The action of $S^1$ on the three sphere can be defined in two opposite ways - in @Infrared's way - multiplication of coordinates by $e^{iθ}$ or in the opposite way - multiplication of coordinates by $e^{-iθ}$. These are the restrictions to $S^3$ of two different complex structures on the canonical complex line bundle over the 2 sphere. The quotient space by these two actions is $S^2$. In both cases this is the Hopf fibration. The difference is in the complex structure not the bundle.

Given a complex structure on a complex vector bundle, there is always another structure called the conjugate structure. It replaces scalar multiplication by a complex number by multiplication by its complex conjugate. Multiplication of the 3 sphere by $e^{- iθ}$ instead of by $e^{iθ}$ is just the restriction of the conjugate structure on the canonical line bundle to the 3 sphere.

The Chern class of a complex line bundle is the Euler class of the underlying real two plane bundle when given a naturally determined orientation. (Euler classes are defined for oriented bundles and the same bundle with opposite orientation has the negative Euler class.)

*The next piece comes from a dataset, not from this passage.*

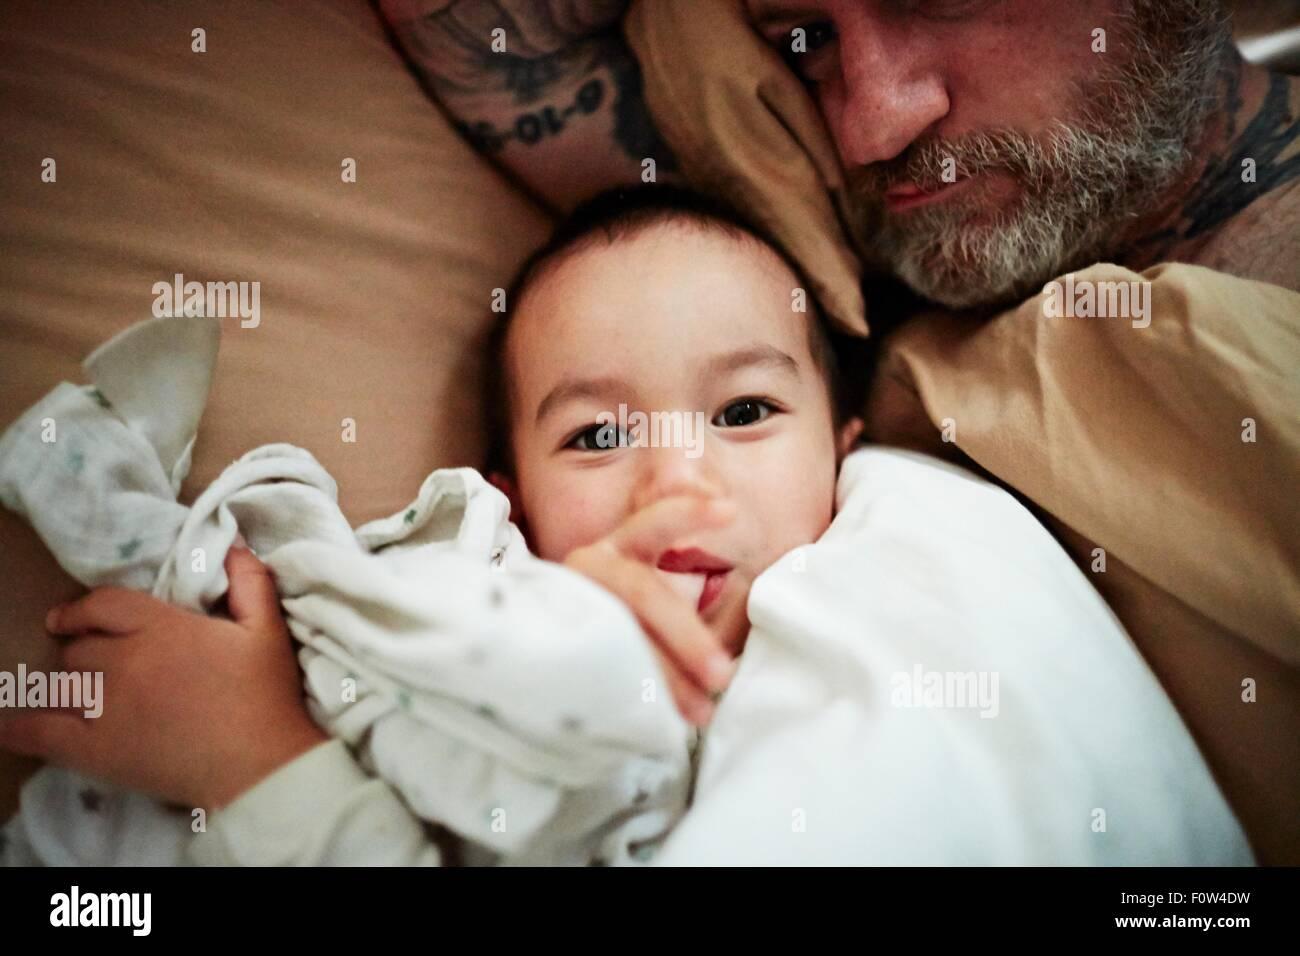 Vater und Sohn im Bett liegend Stockbild

As Milnor describes, a basis for a complex vector space $x_1 ...x_{n}$ naturally determines an orientation of the underlying real vector space as $(x_1,ix_1, ... x_{j},ix_{j}, ... x_{n},ix_{n})$. For a complex line this is $(x_1,ix_1)$. For the conjugate structure this is $(x_1,-ix_1)$. The orientation is independent of the choice of basis.

For line bundles, a complex structure and its conjugate have oppostite orientation so their Euler/Chern classes are negatives of each other. While the underlying real bundles are isomorphic, the complex bundles are not since the identity map is conjugate linear rather than complex linear.

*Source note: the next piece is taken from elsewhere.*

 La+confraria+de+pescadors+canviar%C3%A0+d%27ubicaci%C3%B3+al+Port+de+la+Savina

More generally, the conjugate action on an odd dimensional complex vector space determines the opposite orientation, and on an even dimensional vector space the same orientation.

 

[mathwonk]

That is very interesting and I have not grasped it fully yet. I wonder if I misunderstood something. Rather than the choice of multiplication by e^it or e^-it, it seems that Artin's action does both, i.e. infrareds action has two multiplications, and Artin seems to use e^it as one multiplication but e^-it as then other. So is it a mixture of the two cases you discuss?

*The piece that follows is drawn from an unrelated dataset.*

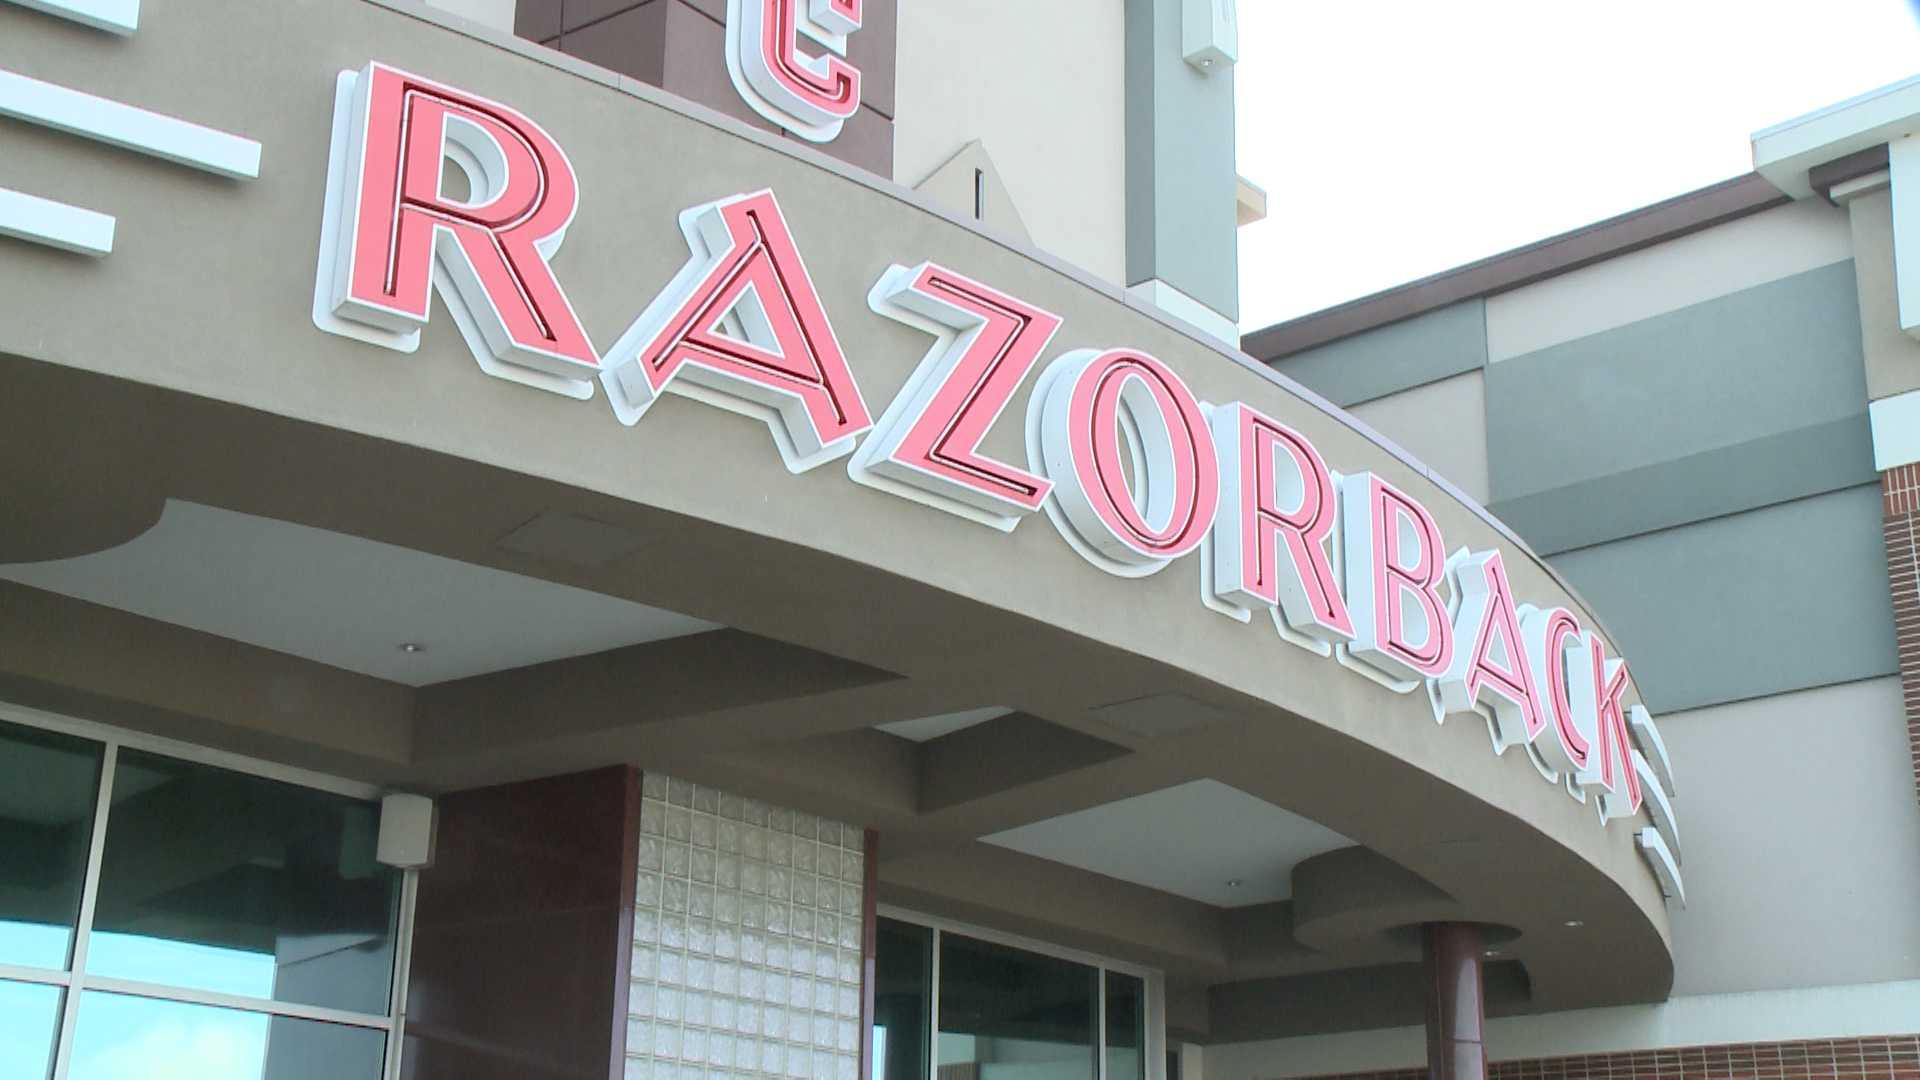 Malco Razorback theater theatre Fayetteville

I.e. Artin's apparently sends (a,b) to (a.e^it, be^-it). I assume this just by multiplying the matrices he gives on pages 272 and 275, in equations (2.4) and (2.13). I must be misunderstanding something.

well i just noticed it depends on whether i let my matrix act from the left or fom the right! one sends (a,b) to (a.e^it, b.e^it) and the other gives what I wrote 3 lines above. Obviously I need to do some calculations and stop just speculating.

 

[WWGD]

@WWGD: I added an explicit link now, in post #41, that (may) take a lot less time than reading the book, or not. The point is if you know the (total) chern classes of projective space, then you can compute the chern classes of hypersurfaces in projective space too.

If you have the inclination, you might like my notes on RRT there. I have enjoyed studying it all my career and tried to lay out all I learned there, admittedly not everything there is. Well honestly I only studied the curve case mostly all those years, but did enjoy working up these notes on the surface case and 3-fold case.

Seems link is dead, leads to a forbidden error 403

 

[mathwonk]

@WWGD: does this work?https://www.math.uga.edu/sites/default/files/inline-files/rrt.pdf

 

[WWGD]

@WWGD: does this work?https://www.math.uga.edu/sites/default/files/inline-files/rrt.pdf

Yes, thanks so much, Wonk.

 

[mathwonk]

my pleasure. it seems our webpages get rearranged occasionally, i.e. every ten years or so.